Via WaPo: Powerful Shiite Bloc Boycotts Iraqi Government

A bloc of Iraqi lawmakers and cabinet ministers allied with militia leader Moqtada al-Sadr launched a boycott of their government duties Wednesday to protest Prime Minister Nouri al-Maliki’s decision to attend a summit in Jordan with President Bush.

“We announce the suspension of our participation in government and parliament,” said Nasar al-Rubaie, the leader of Sadr’s parliamentary bloc. “We gave a promise last Friday that we will suspend our participation if the Prime Minister met with Bush and today [Wednesday] we are doing it as a Sadrist bloc.”

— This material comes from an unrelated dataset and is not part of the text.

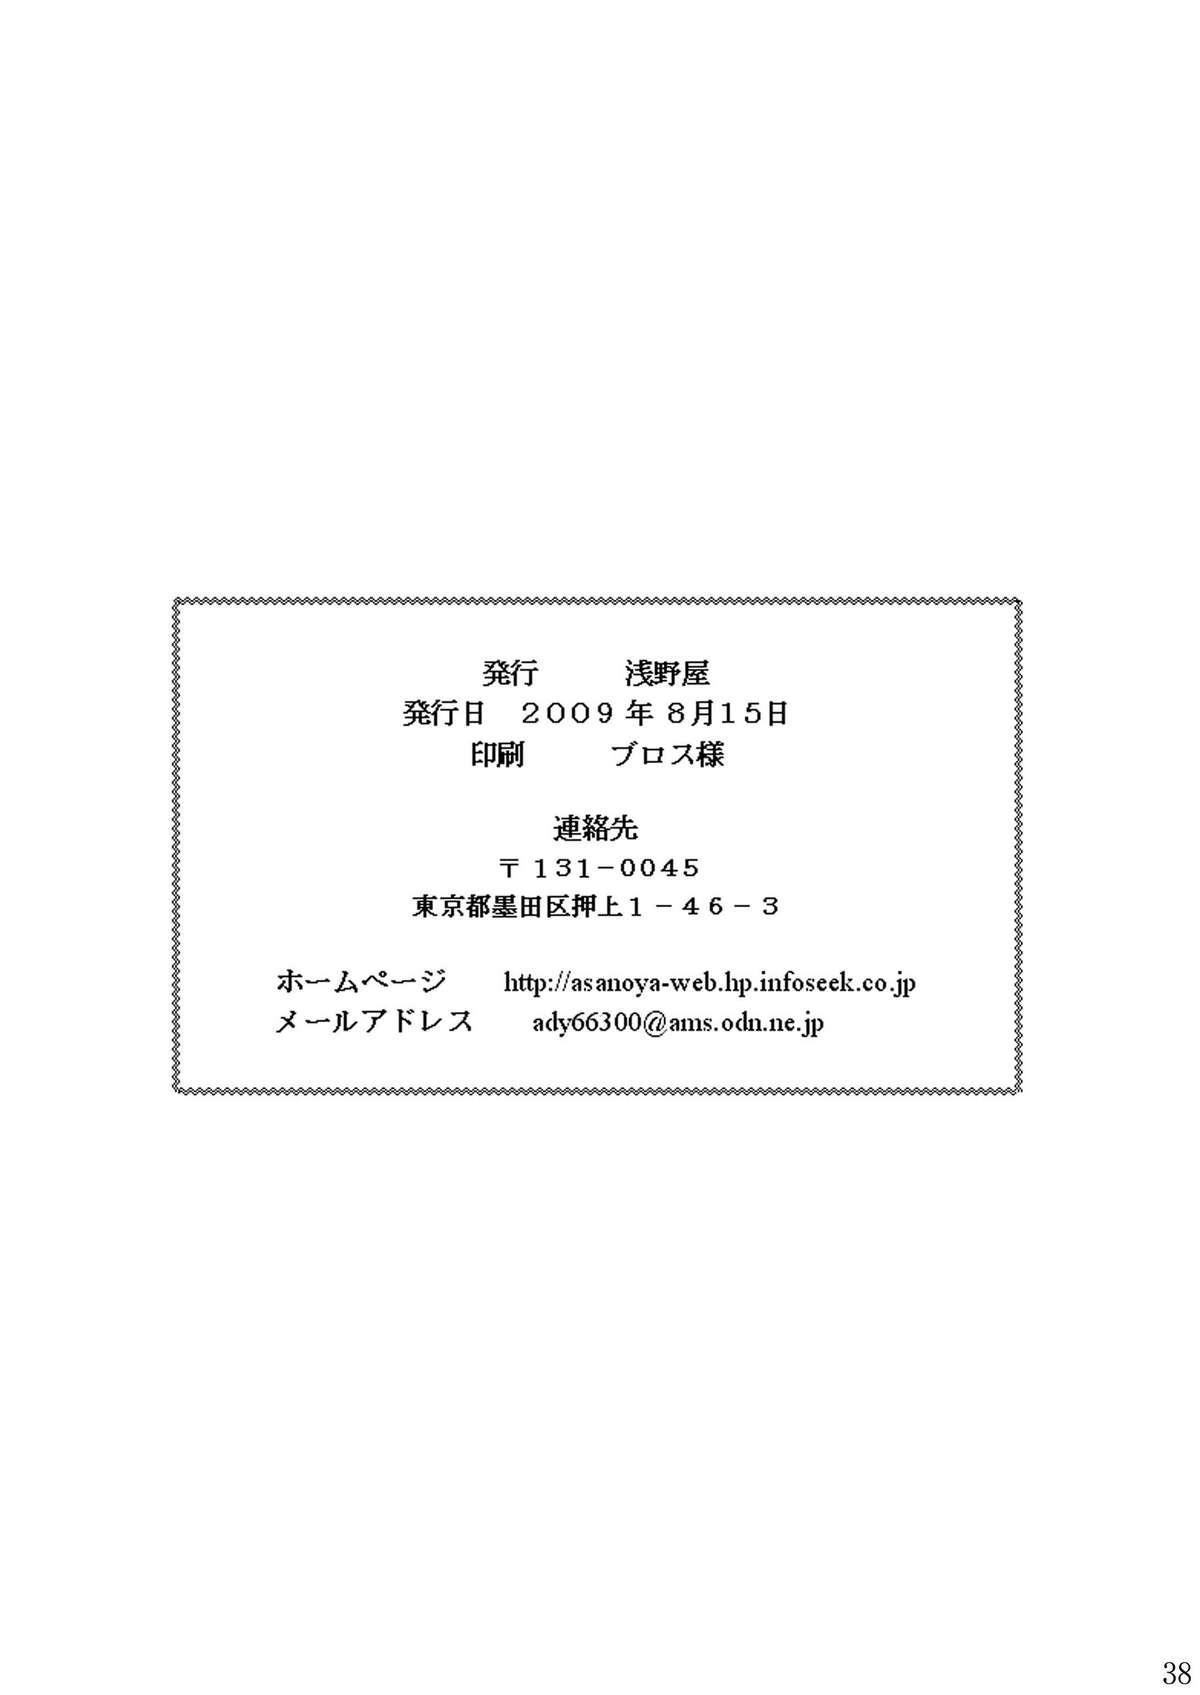 Seishin Houkai suru made Kusuguri Makutte Ryoujoku shite miru Test 37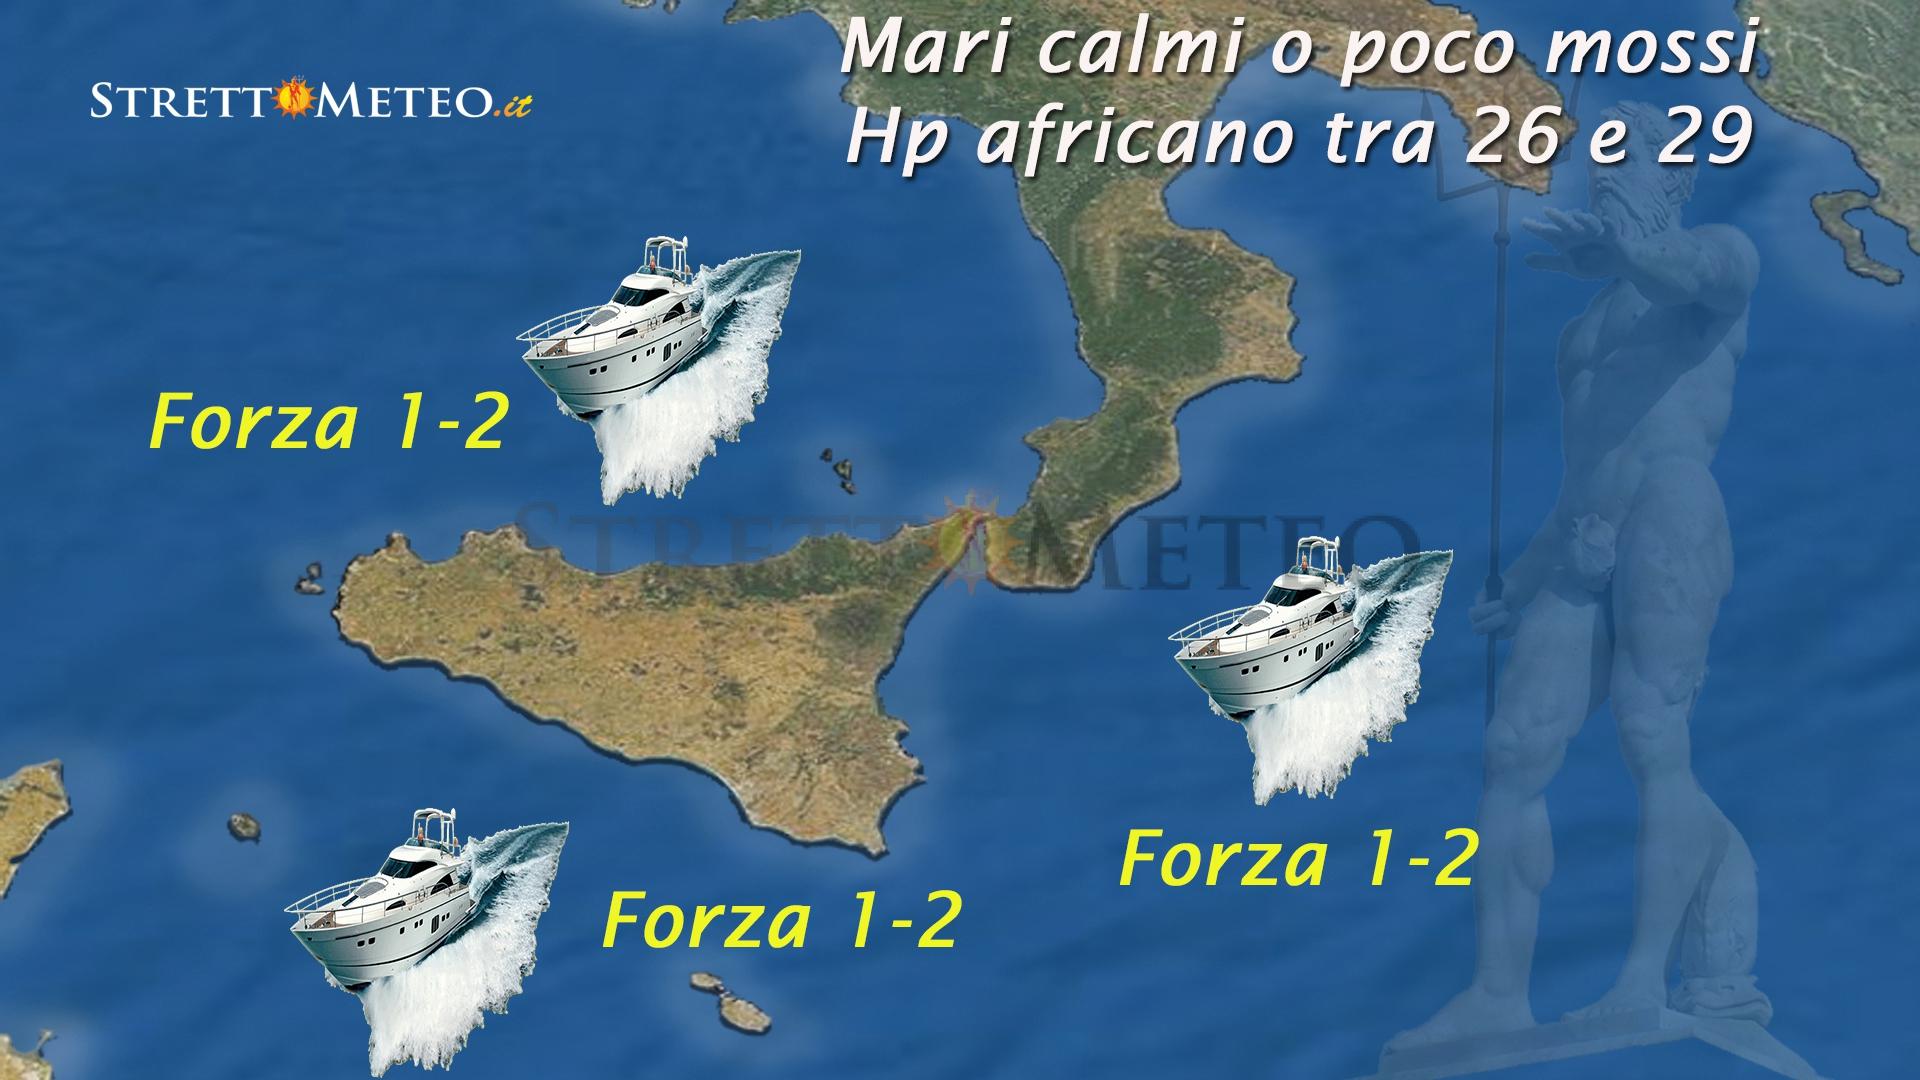 Meteo mare: calmi o poco mossi causa hp africano

I suppose it begs the question of whether there was any actual governing going on anyway, this raising the question of whether there is much in the way of practical manifestations of this move. Certainly the parliament seems to have been inert of late. It is more difficult to know the degree to which the ministries are actually functional.

It is noteworthy that the Sadr bloc has not actually withdrawn from the government:

But Rubaie cautioned that their action did not mean the officials were pulling out of the government, which would all but guarantee the collapse of Iraq’s unity government.

“The suspension does not mean our withdrawal from the political process,” said Rubaie. He added the Sadr bloc would meet in coming days to discuss how long members would remain out of the government.